Ellen couldn’t stop the words that poured out of her. “My life sucks,” she began. “Yeah, Mom got hurt. She can’t jump anymore. That totally sucks, but what about me? This whole thing sucked for me, too. I don’t want to be here in the middle of the boonies shoveling horse manure every day. Seriously, I hate being here and I hate my life.” Ellen stood abruptly up. Catching the look that passed between her grandparents, she felt terrible. They were trying to be nice to her, and she had just made a bad situation that much worse.

She left the kitchen, hurrying down the short hallway and into her bedroom. Slamming the door shut, she flopped down on the bed, then reconsidered and locked the door. Sure, they could get in if they wanted to, but the locked door would at least communicate that she wanted to be alone.

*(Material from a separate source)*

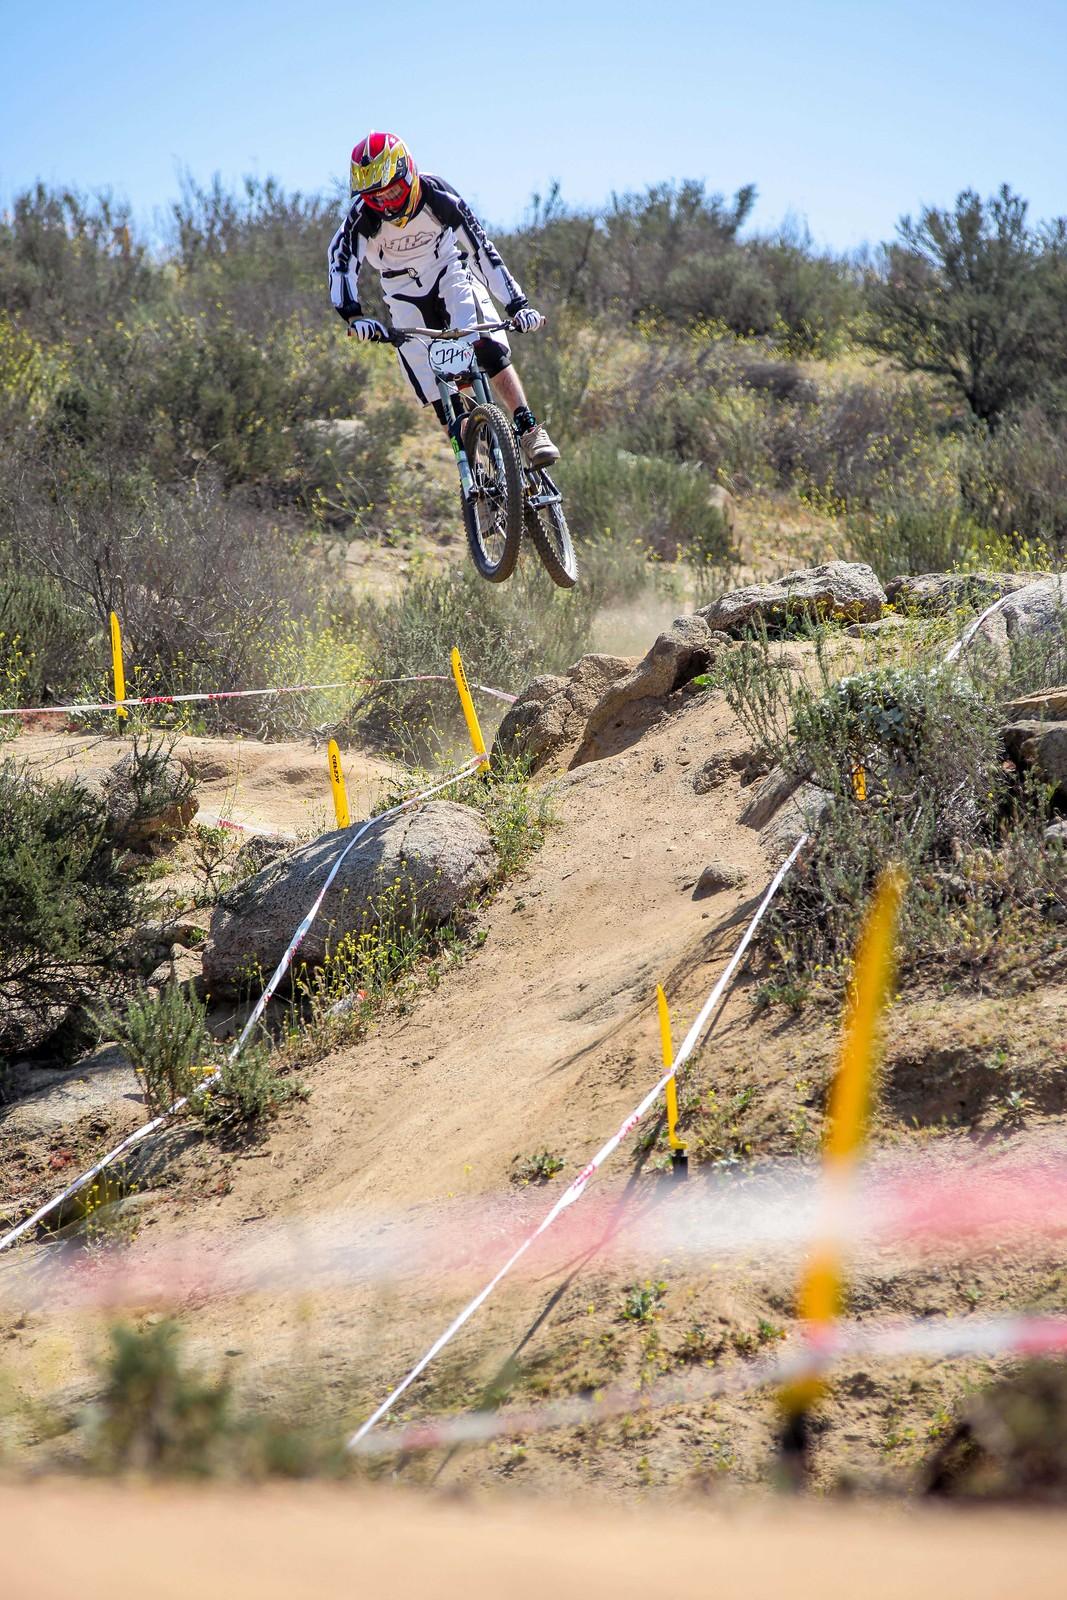 IMG 3238 - GnarHuck - Mountain Biking Pictures - Vital MTB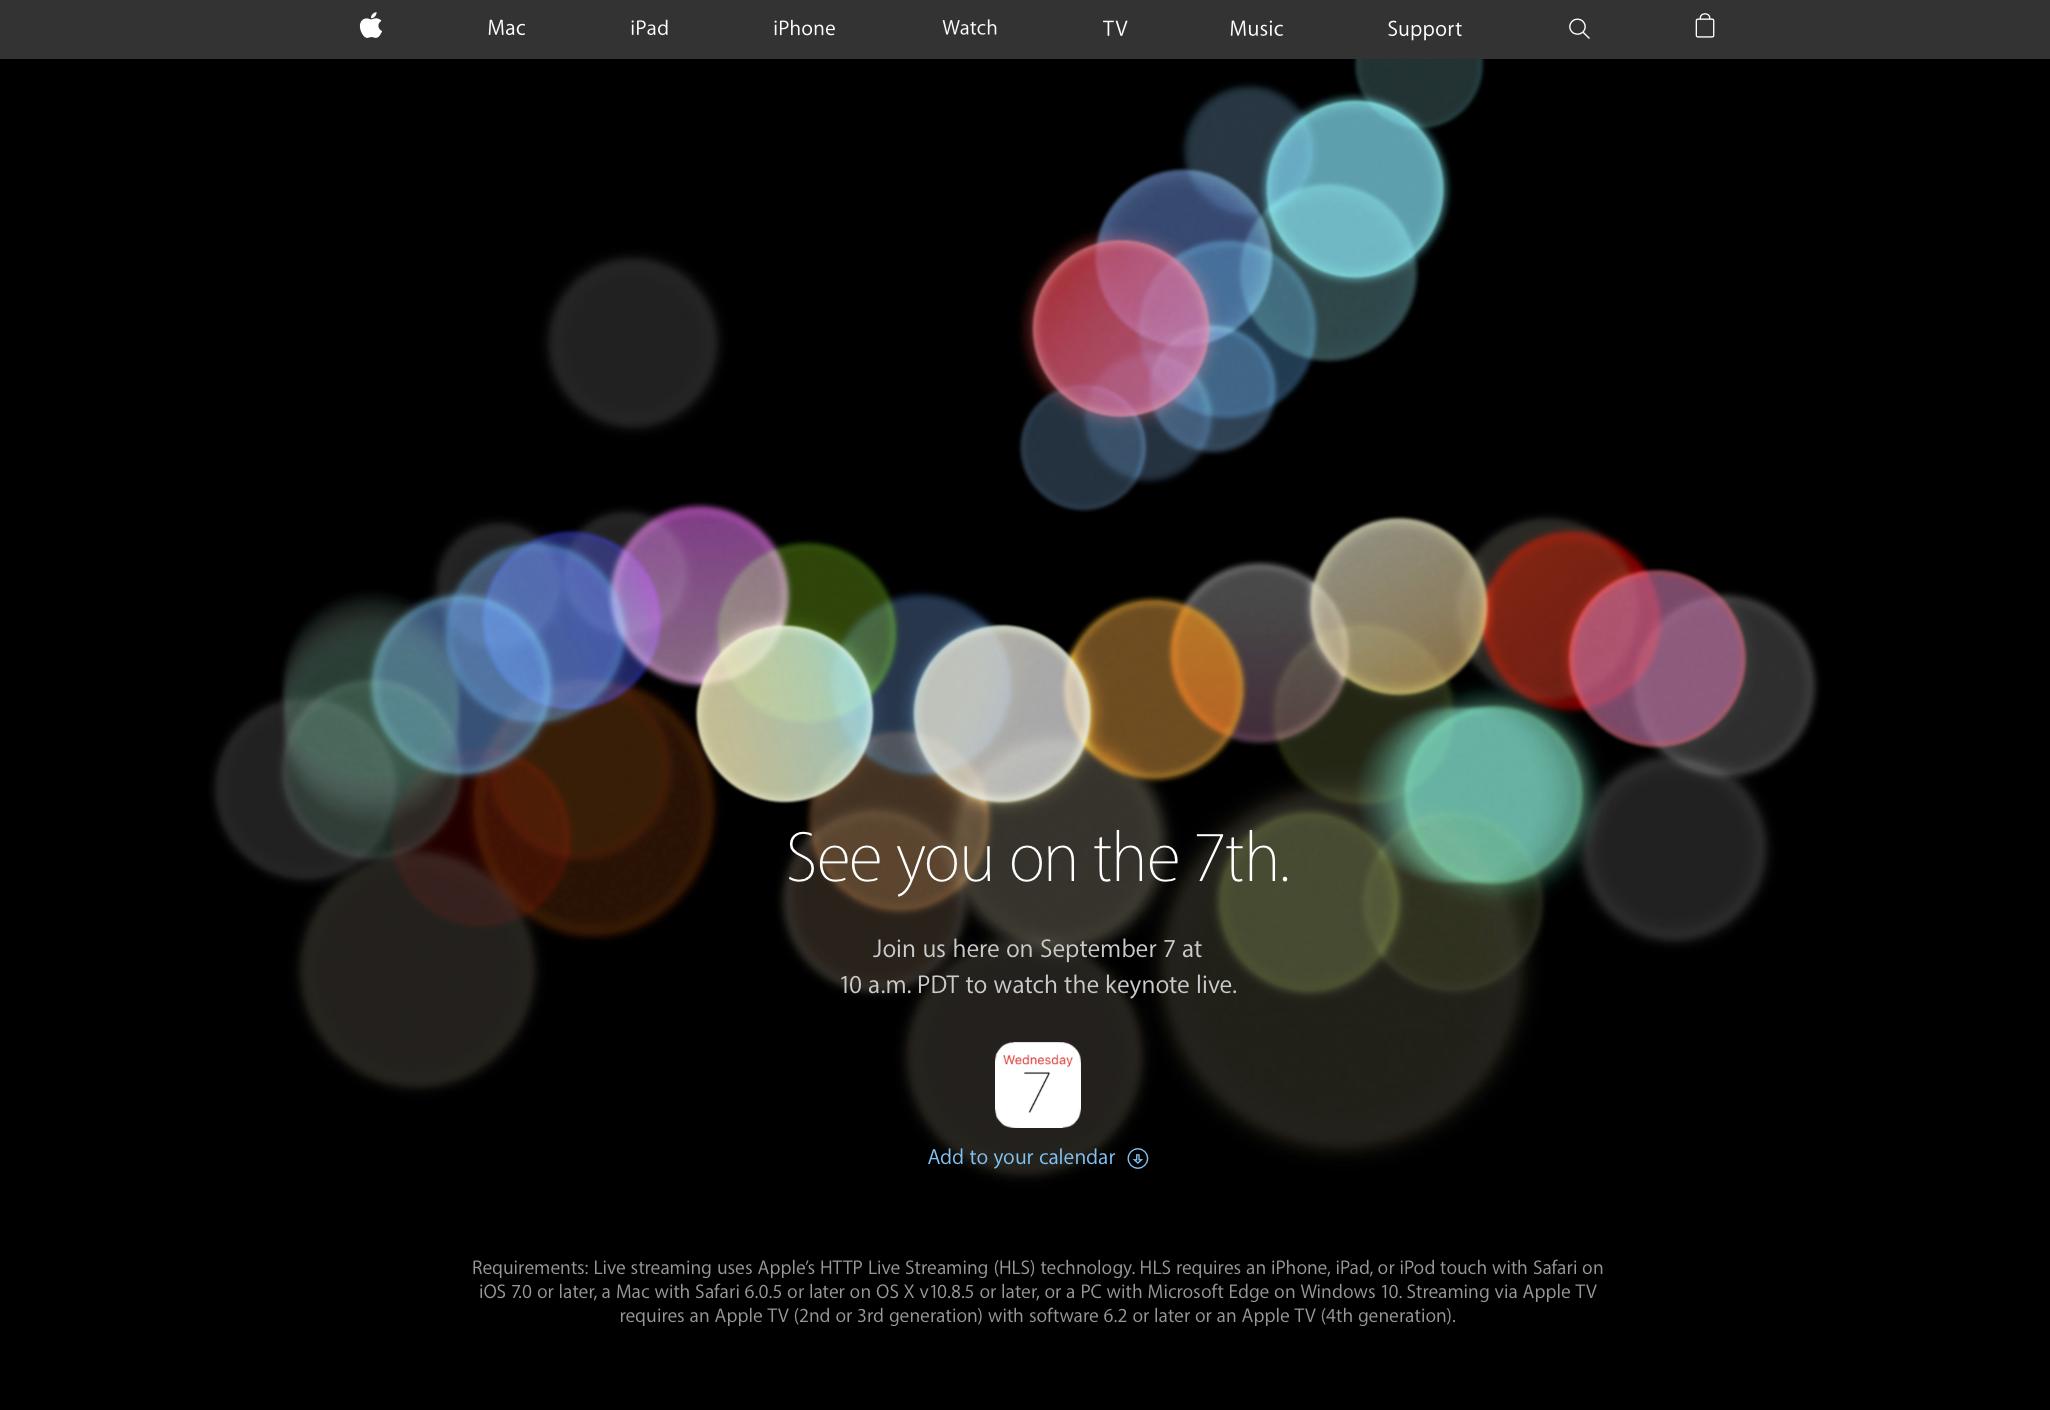 apple_events_september_2016

Feeling miserable, disgusted with how mean she had been, she lay back down on the bed. Her bedroom was sticky and with no air movement. The power was still off. Her wide-open eyes stared at the white ceiling, tears sliding down her cheeks. Her heart pounded, and she felt hot and sick and sad. Why did I have to be such a brat? I hurt Nanna and Poppa. Ellen couldn’t help but reflect that this time she’d been the one to inflict the damage.